Andrew Klavan’s latest episode of The Andrew Klavan Show takes a simple pleasure — watching movie trailers — and turns it into a cultural battleground. Released as part of his podcast and video feed in July 2025, the episode “Which Movie Trailer Is Better: The Original or The Remake?” walks viewers through old theatrical promos side-by-side with modern remake trailers, and it lands where conservatives have been right all along: much of Hollywood prefers spectacle over substance.
Klavan methodically watches and reacts, pointing out how the instincts of classic marketing and storytelling have been gutted by modern studios that chase clicks and corporate talking points. The episode even comes with the familiar sponsor breaks, a reminder that conservative creators now have to hustle in a marketplace dominated by monopolistic platforms and woke brand deals.
What stands out in Klavan’s take is his impatience with the remake machine that treats our cultural memory like a cash cow to be milked and discarded. He doesn’t romanticize every old film, but he defends craftsmanship and coherence — things that too often vanish when a studio remakes a picture to hit some demographic checklist or to flatter its woke executives. Those are not mere aesthetics; they are the values of a culture being hollowed out by a profit-first, politics-second Hollywood.
The episode also makes the obvious point that trailers themselves have been transformed into feverish, noise-heavy teasers that hide plot and pander to mood rather than story. Klavan’s comparison shows that older trailers often trusted audiences to care about characters and stakes, while many modern previews assume viewers need to be dazzled and distracted to buy a ticket. That shift mirrors the broader decline in storytelling integrity and the rise of marketing over meaning.
This isn’t just nostalgia; it’s a call to action for Americans who still believe in telling honest stories that shape virtue, not just revenue. Conservative creators and audiences must keep supporting filmmakers who prioritize narrative, moral complexity, and real heroism — and stop funneling money to studios that churn out soulless remakes and virtue-signaling ads. Daily Wire hosts like Klavan are filling the gap, but real change happens when consumers vote with their wallets and tastes.

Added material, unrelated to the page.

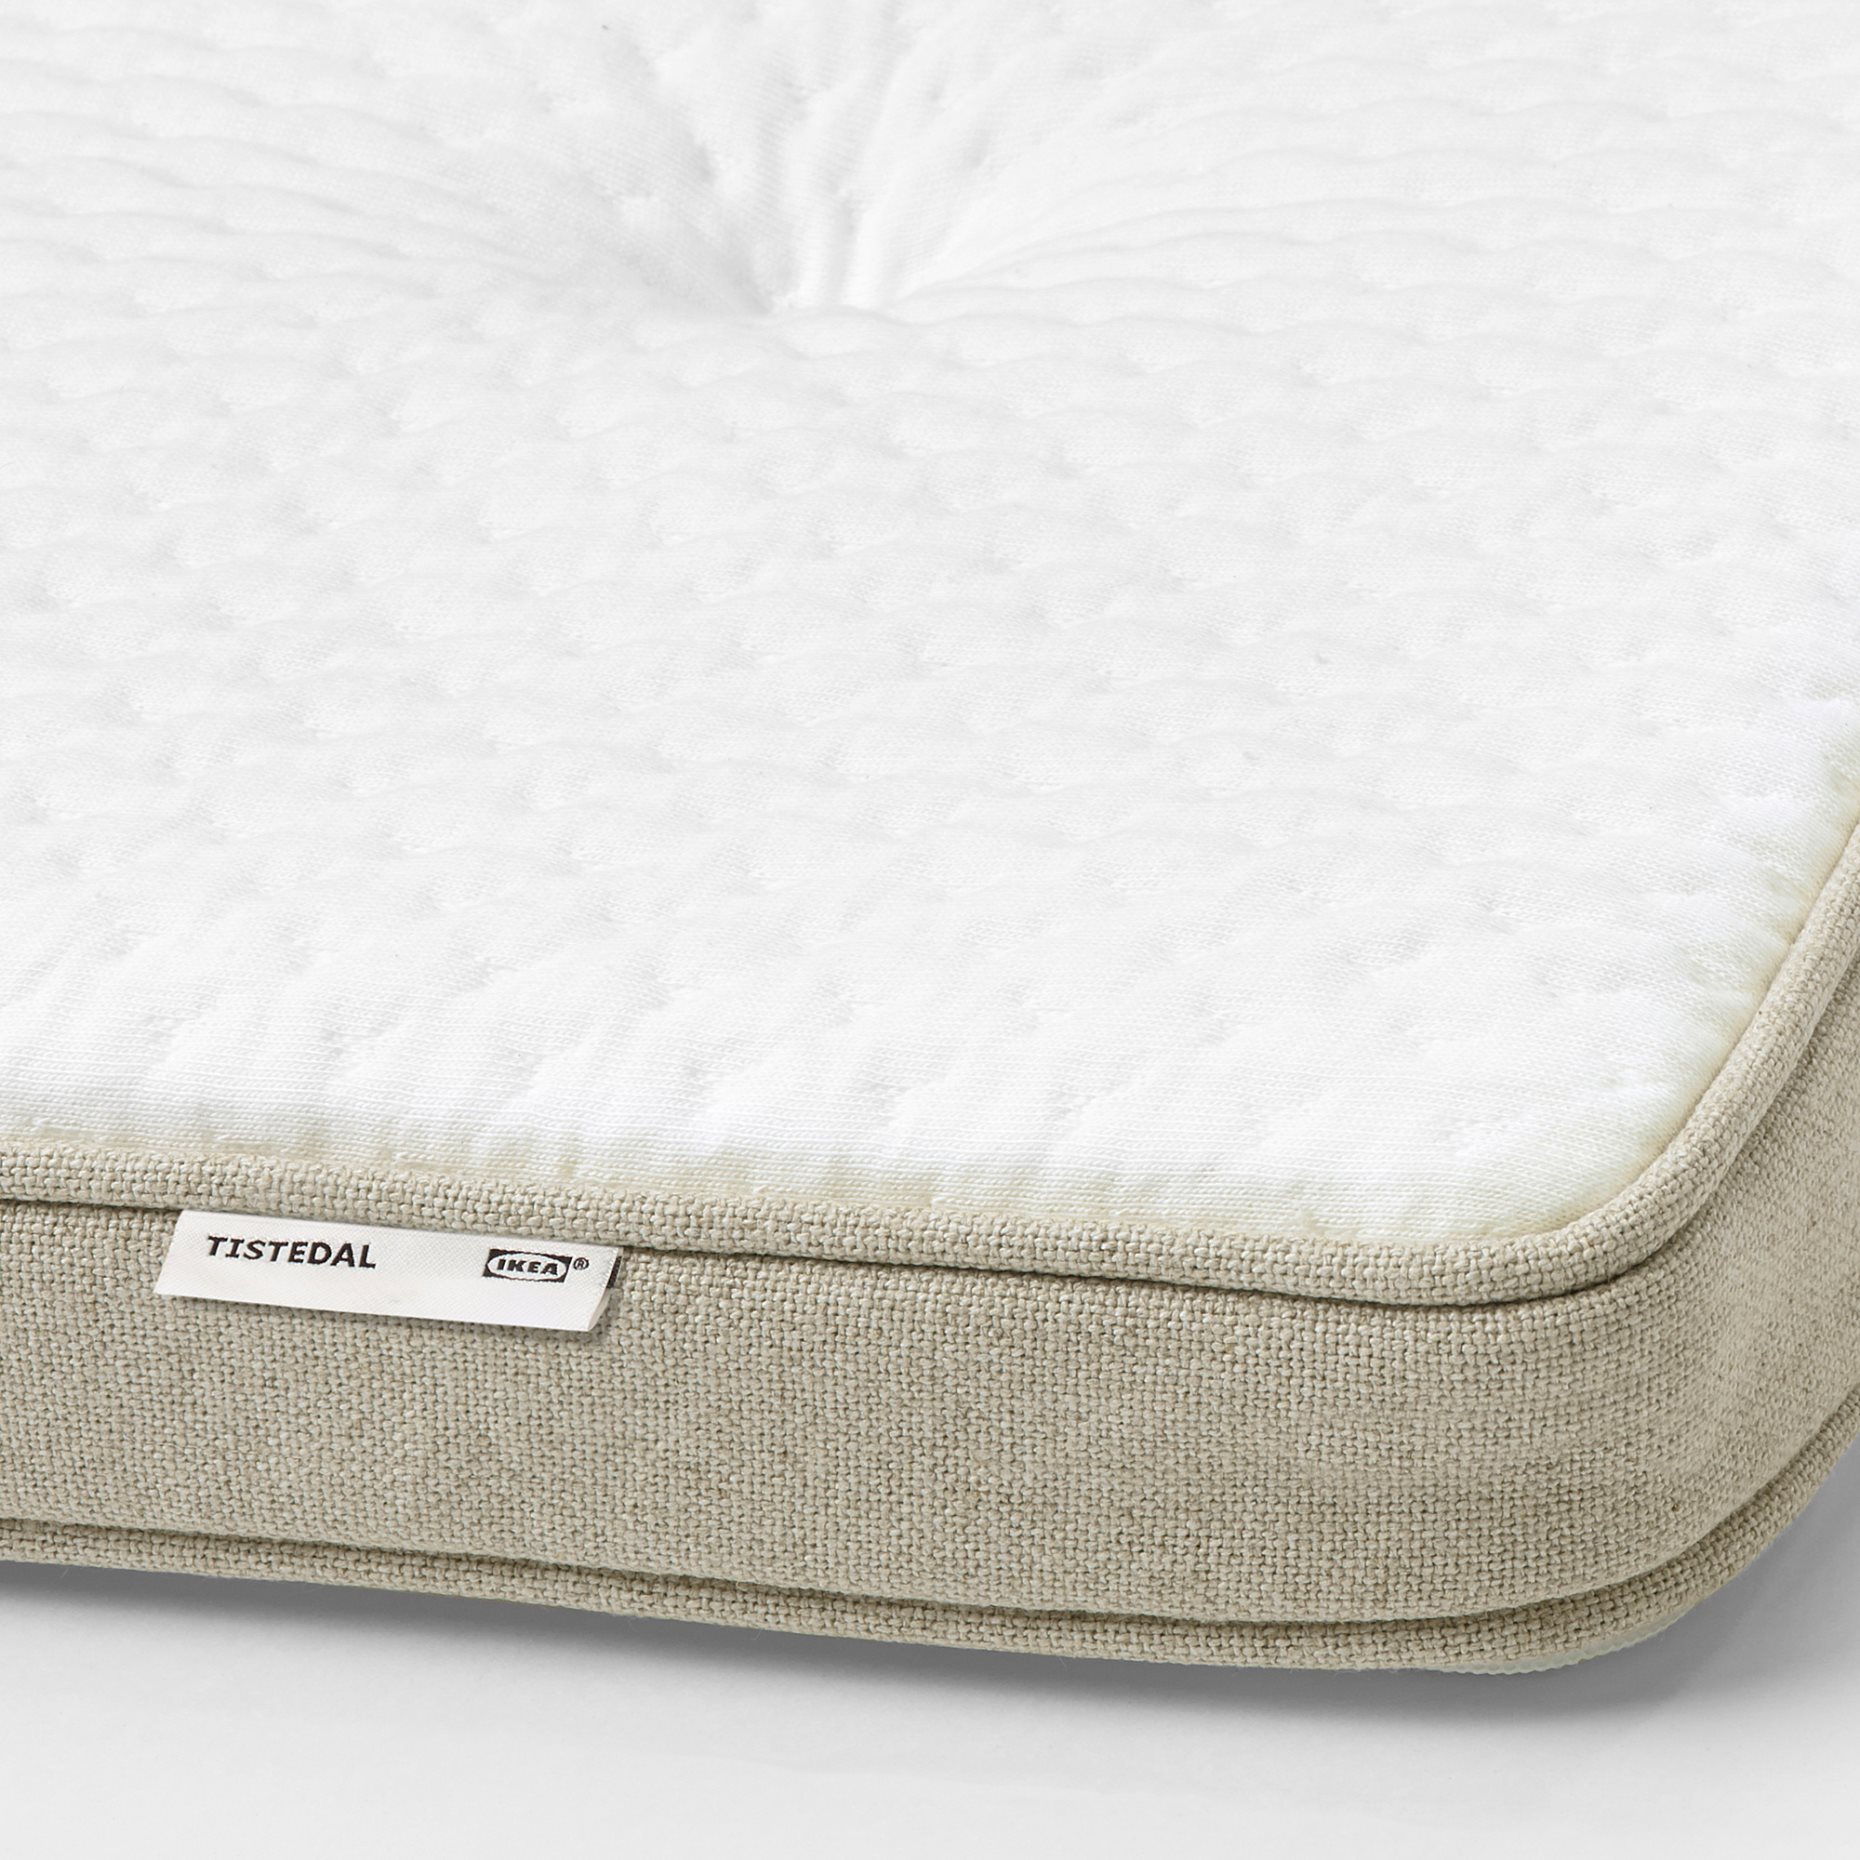 TISTEDAL, mattress pad, 103.732.78

If you care about rescuing our cultural institutions from the conveyor belt of remakes, Klavan’s episode is a brisk, entertaining primer in how to spot the difference between workmanship and window dressing. Watch the old trailers, watch the remakes, and don’t let the corporate gatekeepers tell you what counts as a classic — reclaim it for hardworking Americans who still value art that edifies and entertains.